La Sección Segunda de la Audiencia Provincial juzgó ayer a dos hermanos para los que la acusación particular pide cinco años de cárcel por estafar a un distribuidor de fruta de Tobarra, hechos que ambos negaron. 

En concreto, el primero de los acusados en declarar, J.M.G., manifestó que trabajó para la empresa familiar de su padre, junto a sus hermanos, pero dijo que en el momento de los hechos, en 2012, ya estaba desvinculada de la misma y que, simplemente, le pidió a su hermano que si le podía hacer unas facturas a nombre de su propia empresa, para justificar gastos y pagar menos a Hacienda, algo por lo que finalmente sufrió una inspección y fue sancionado. «Yo no me concerté con mi hermano para comprar fruta y no pagar su importe. Sólo pedí las facturas a mi hermano para desgravarme el IVA. Yo ni compré la fruta, ni la recibí».

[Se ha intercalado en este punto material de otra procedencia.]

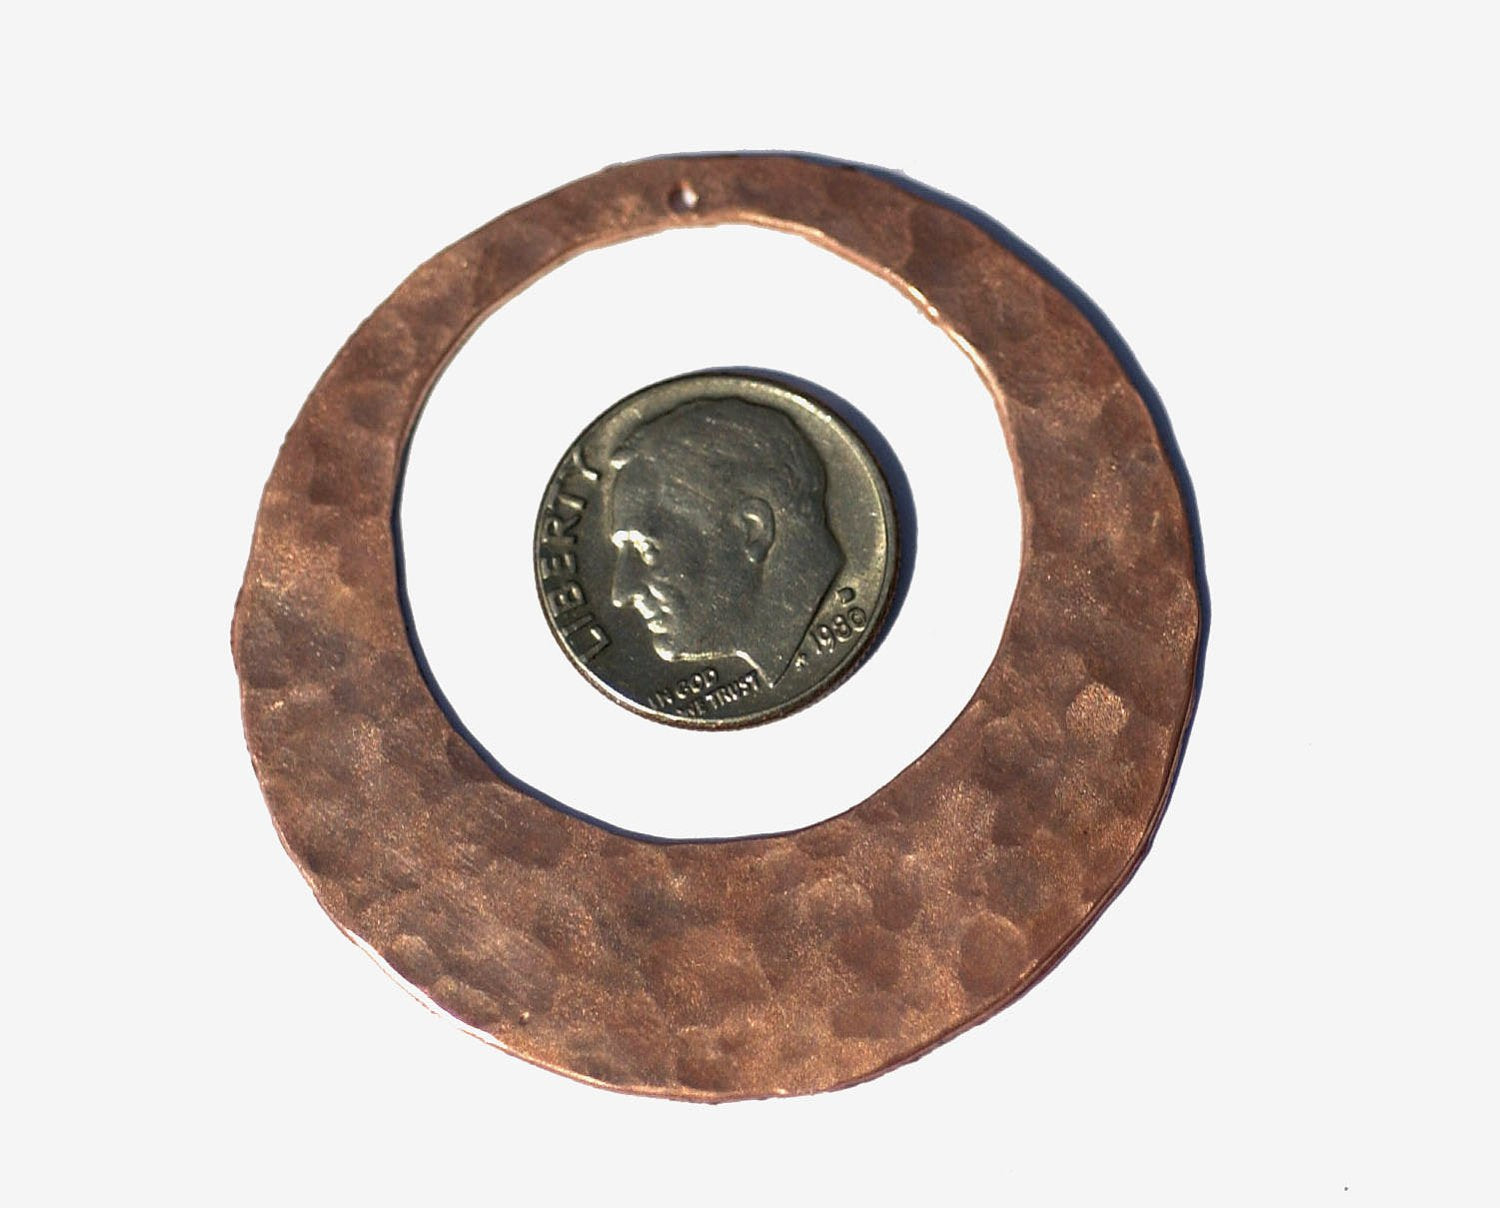 Copper Blank Hammered 45mm 20g Hoops for Earrings or Pendant Offset Circle for Enameling Stamping Texturing Blanks - 2 Pieces

Otro Hermano. A continuación declaró el otro acusado, M.A.G., que señaló que como le debía dinero al otro procesado, optó por pagarle a su hermano con facturas para que se las desgravara. «Fue una mala idea».

 Sin embargo, dijo que en ningún momento tuvo intención de estafar al denunciante y que la prueba es que le pagó con regularidad durante 20 años y tras emitir los cheques impagados siguió comprando fruta pagando en efectivo, hasta que pudo hacerlo, puesto que fruto de la crisis, le acabaron quitando la casa y los bajos que tenía y se quedó sin nada. «Es mentira que yo tratara de engañar». «Yo en todo momento he querido pagar». De hecho explicó que incluso ofreció un vehículo al denunciante para saldar parte de la deuda.

En cuanto al otro acusado dijo que no tenía nada que ver con su empresa y que fue él y no su hermano el que compró la fruta y la comercializó. Algo que corroboró el propio denunciante, que también confirmó que cuando se quejó a M.A.G. de que no le había pagado los pagarés, llegó a un acuerdo con él para seguir vendiéndole fruta, pero pagándola ya en efectivo, mientras le devolvía la deuda poco a poco.  Sin embargo, cuando vio que cada vez le compraba menos y que acudía a otros distribuidores se sintió estafado.